##### RECORDED INFORMATION

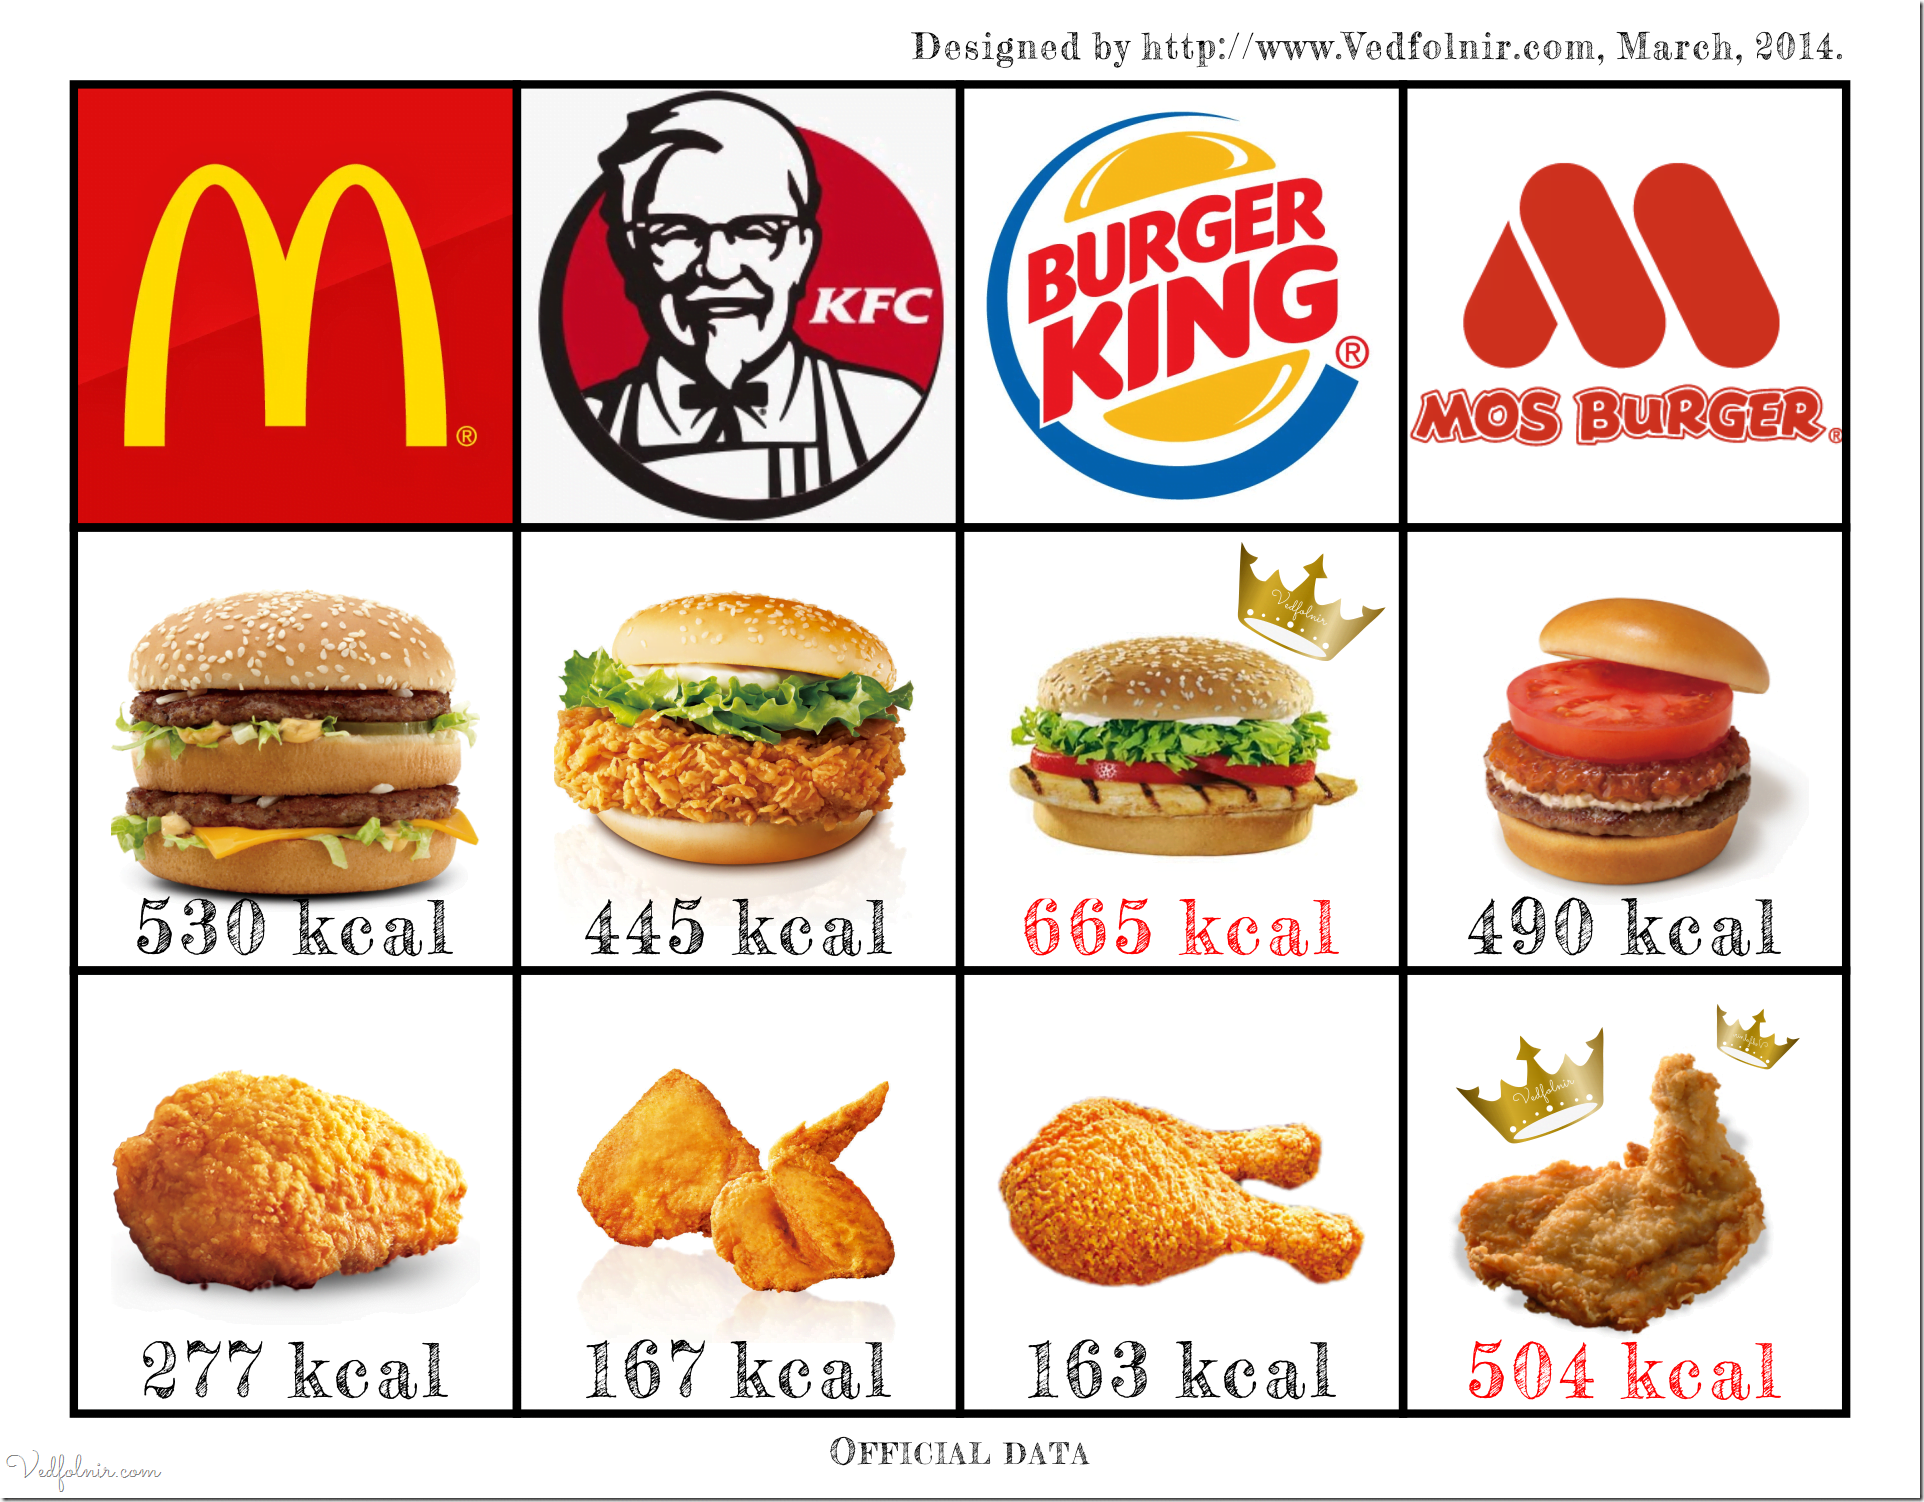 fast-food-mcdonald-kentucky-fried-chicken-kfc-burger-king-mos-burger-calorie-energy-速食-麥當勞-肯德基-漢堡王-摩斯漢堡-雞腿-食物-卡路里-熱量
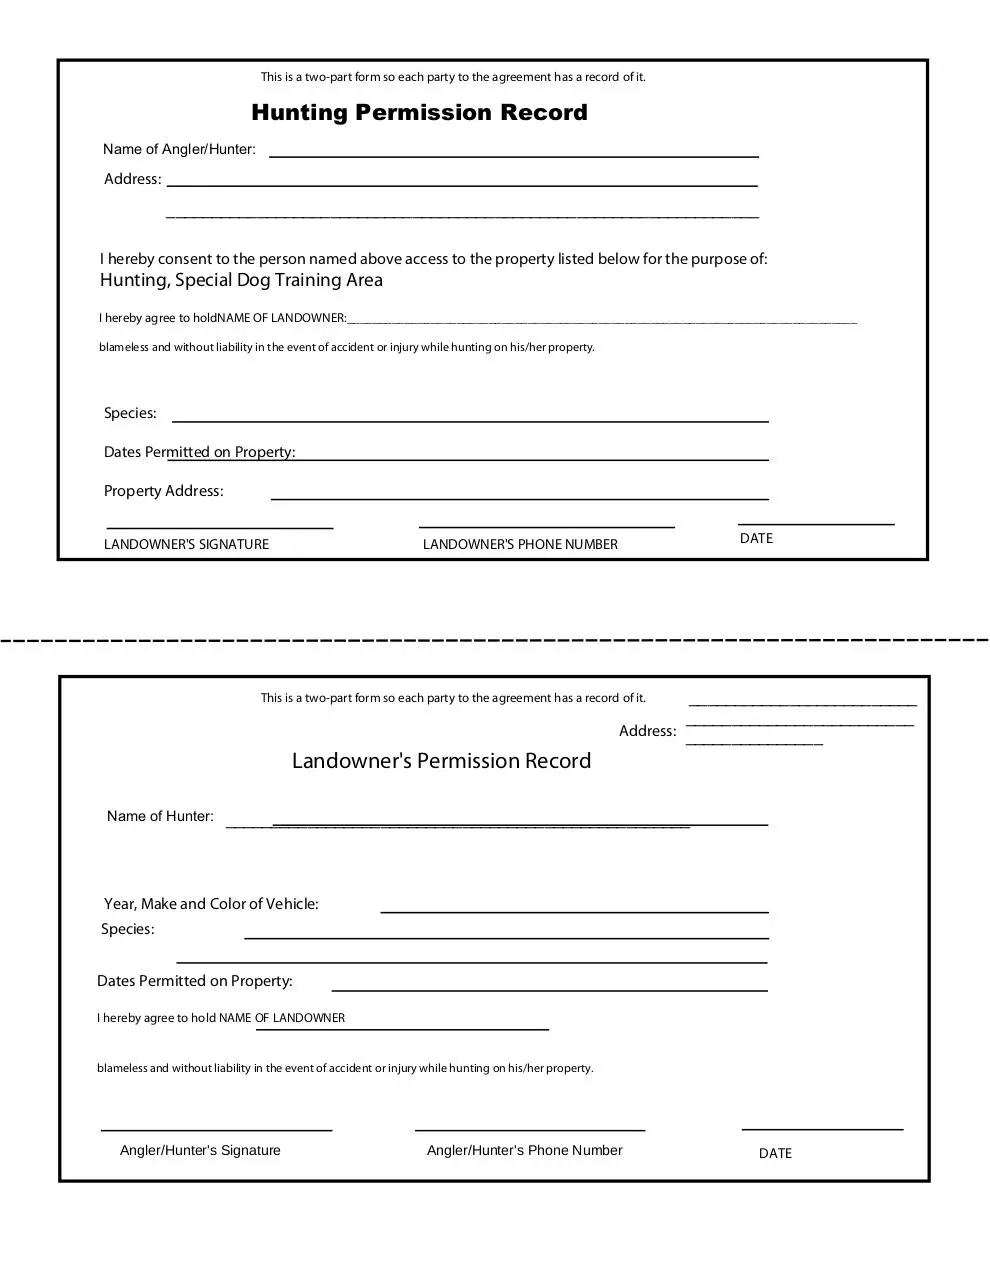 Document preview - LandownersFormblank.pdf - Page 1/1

##########
##### RECORDED INFORMATION

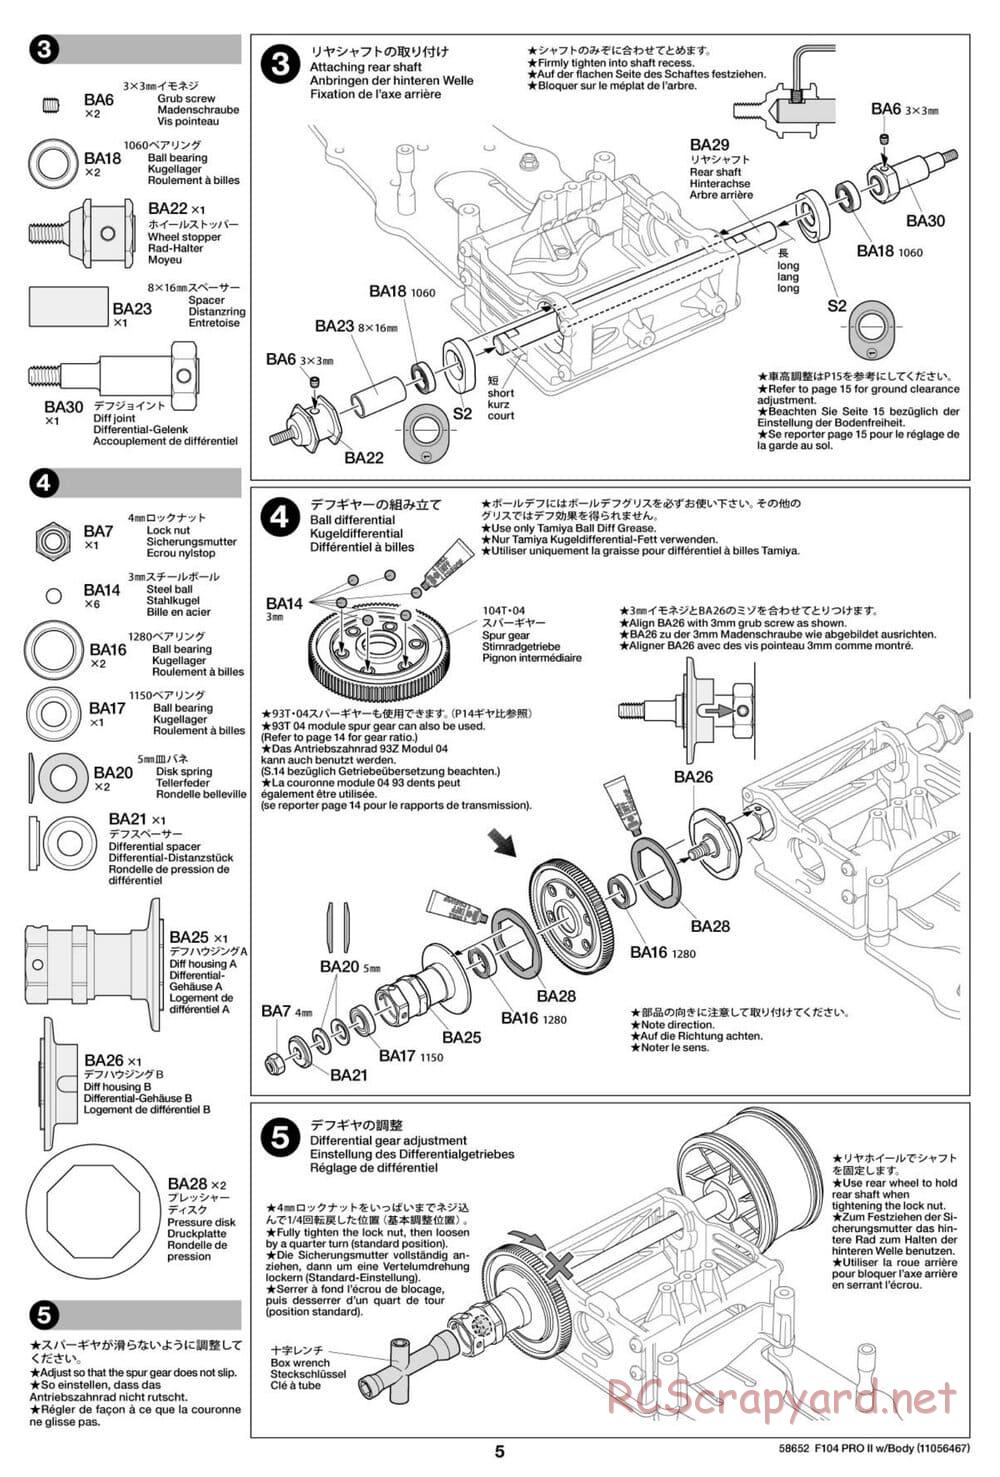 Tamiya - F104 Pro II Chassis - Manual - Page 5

##########
##### RECORDED INFORMATION

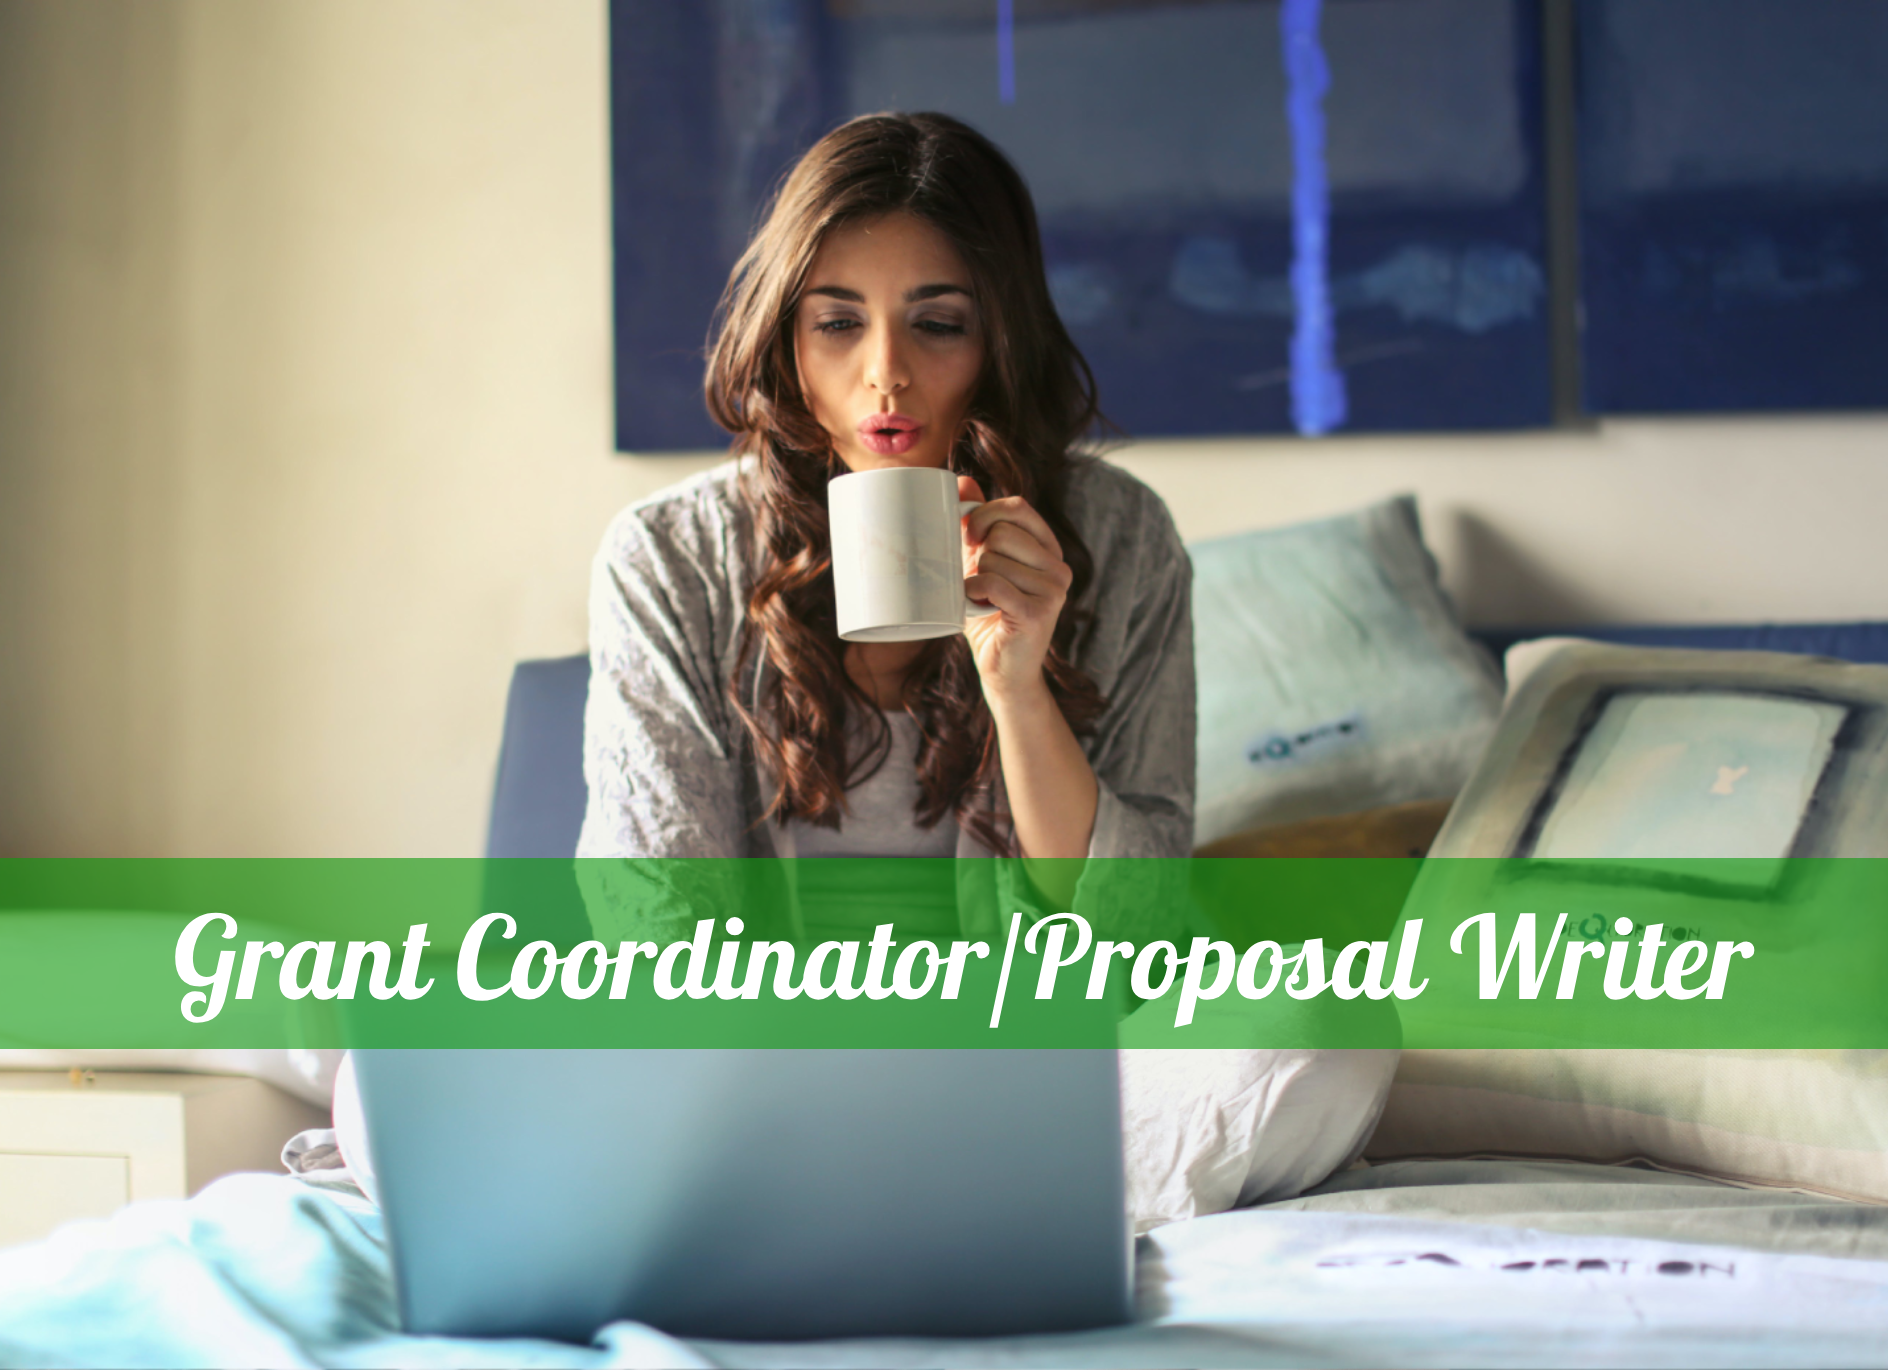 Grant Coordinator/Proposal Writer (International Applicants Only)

##########

:: PROBLEM REQUIREMENTS ::
From the data above, return only the lines starting at the line that holds "fast-food-mcdo" and ending at the line that holds "Document preview - LandownersFormblank.pdf", word for word and without pictures.

:: SOLUTION FOR THIS PROBLEM ::
 fast-food-mcdonald-kentucky-fried-chicken-kfc-burger-king-mos-burger-calorie-energy-速食-麥當勞-肯德基-漢堡王-摩斯漢堡-雞腿-食物-卡路里-熱量
 Document preview - LandownersFormblank.pdf - Page 1/1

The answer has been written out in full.